Results of my generator with different parameters' values : 
-  `n = 3` and `k = 2`<br>
['neoversosuccingshadros', 'bator', 'quilmayisaurutichodosuccin', 'dasylossus', 'inosphagros']
-  `n = 3` and `k = 3`<br>
['yungonius', 'elaplossuesiohadromaia', 'venescelusothostospinax', 'xingsauros', 'euskelyx']
-  `n = 2` and `k = 3`<br>
['heisaudasilis', 'kan', 'ale', 'xiasaustesaudiangobistrops', 'raptastriong']
- `n = 4` and `k=3`<br>
['unicerosaurophale', 'yurgovuchia', 'ischyrophus', 'ovirapterovenatosaurus', 'magnapartenykus']
- `n = 4` and `k=5`<br>
['cristatus', 'vouivria', 'yongjianosaurutitanius', 'mojoceratusauravusaurornit', 'epachthosuchomimoides']

It looks like with a 4-gram model, we generate name that looks like real dino names. Even with a high randomness (k=5), results are still good.
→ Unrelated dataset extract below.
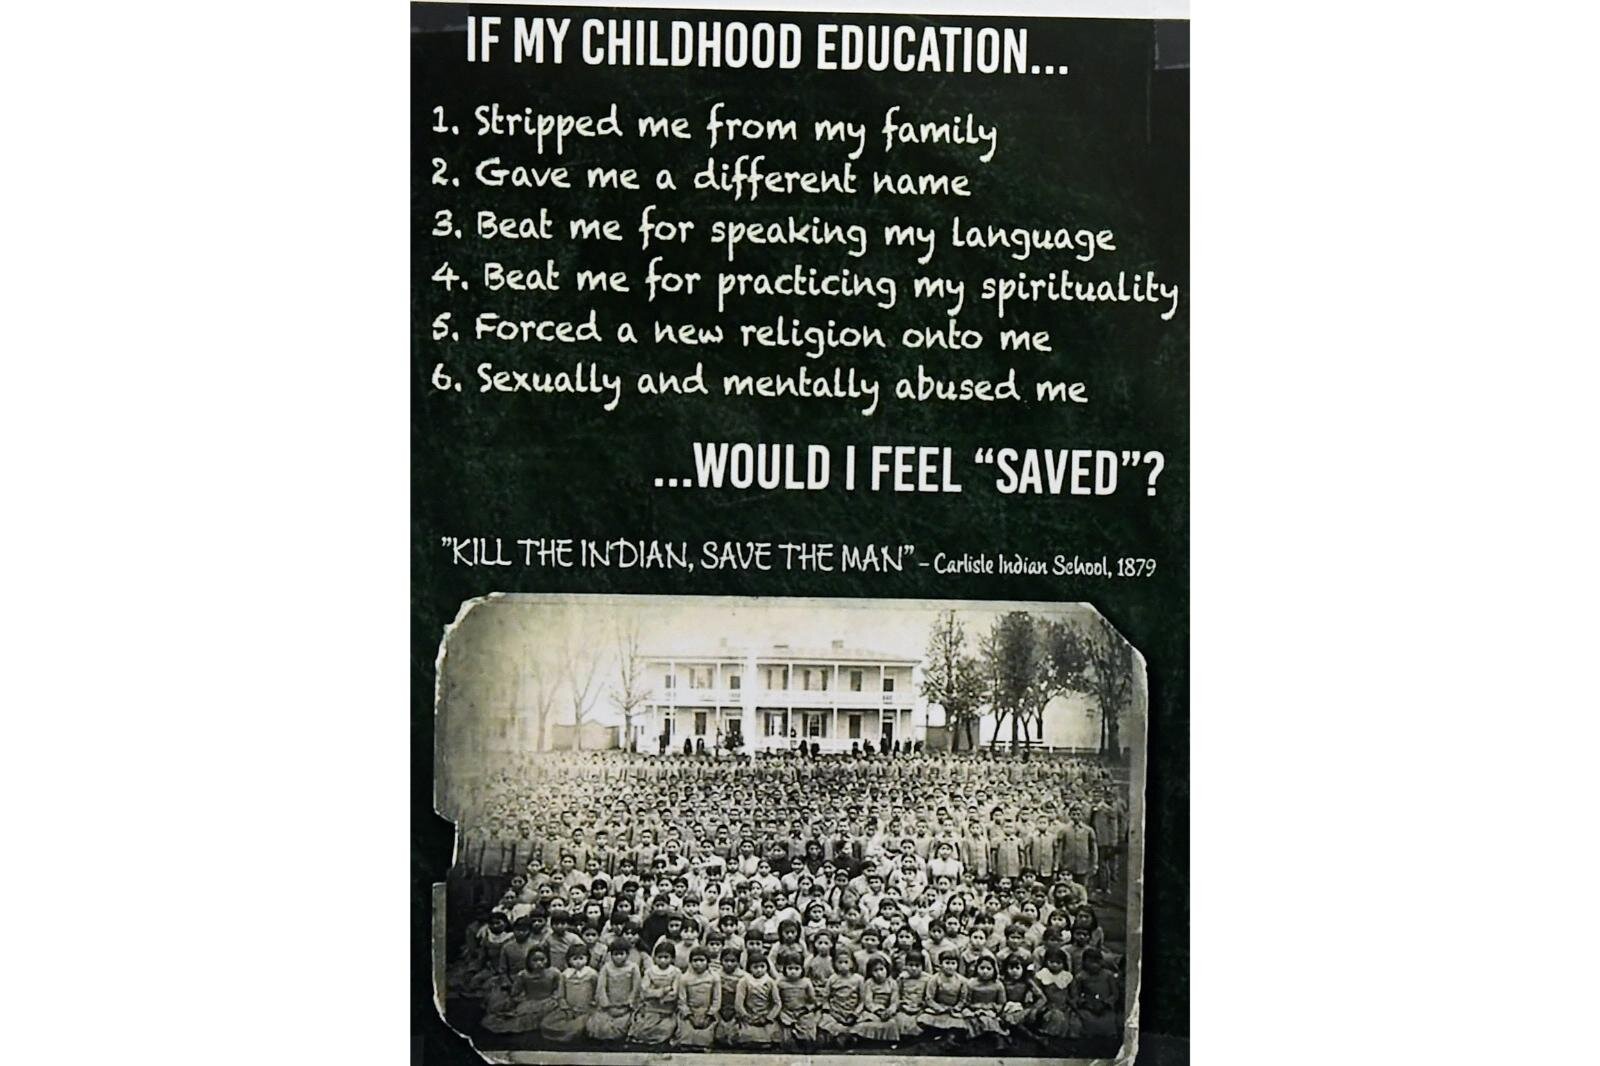  A poster made to reflect the perspective of students who attended schools like Holy Childhood School of Jesus in Harbor Springs.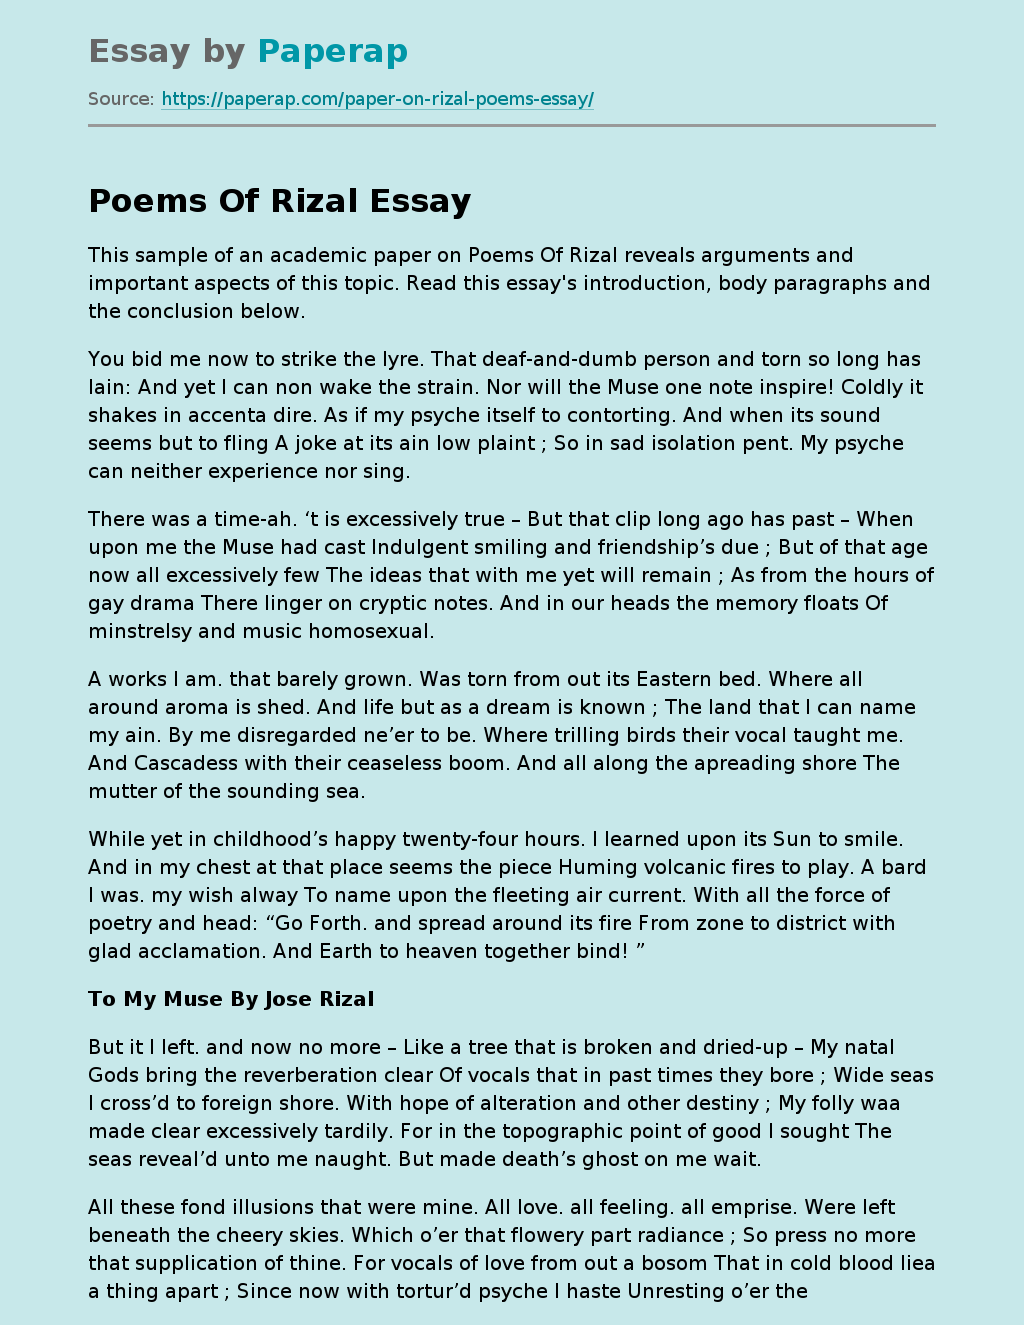 Poems of Rizal: Analysis and Discussion

Even with the 3-gram model, the results are good (with low randomness).

## N-gram Model Summary

An **n-gram model** is a type of probabilistic model used for generating sequences (in this case, names) by predicting the next element in a sequence based on the previous **n-1** elements. The model learns the probability distribution of letters following specific **n-grams** (substrings of length `n`) from a training dataset.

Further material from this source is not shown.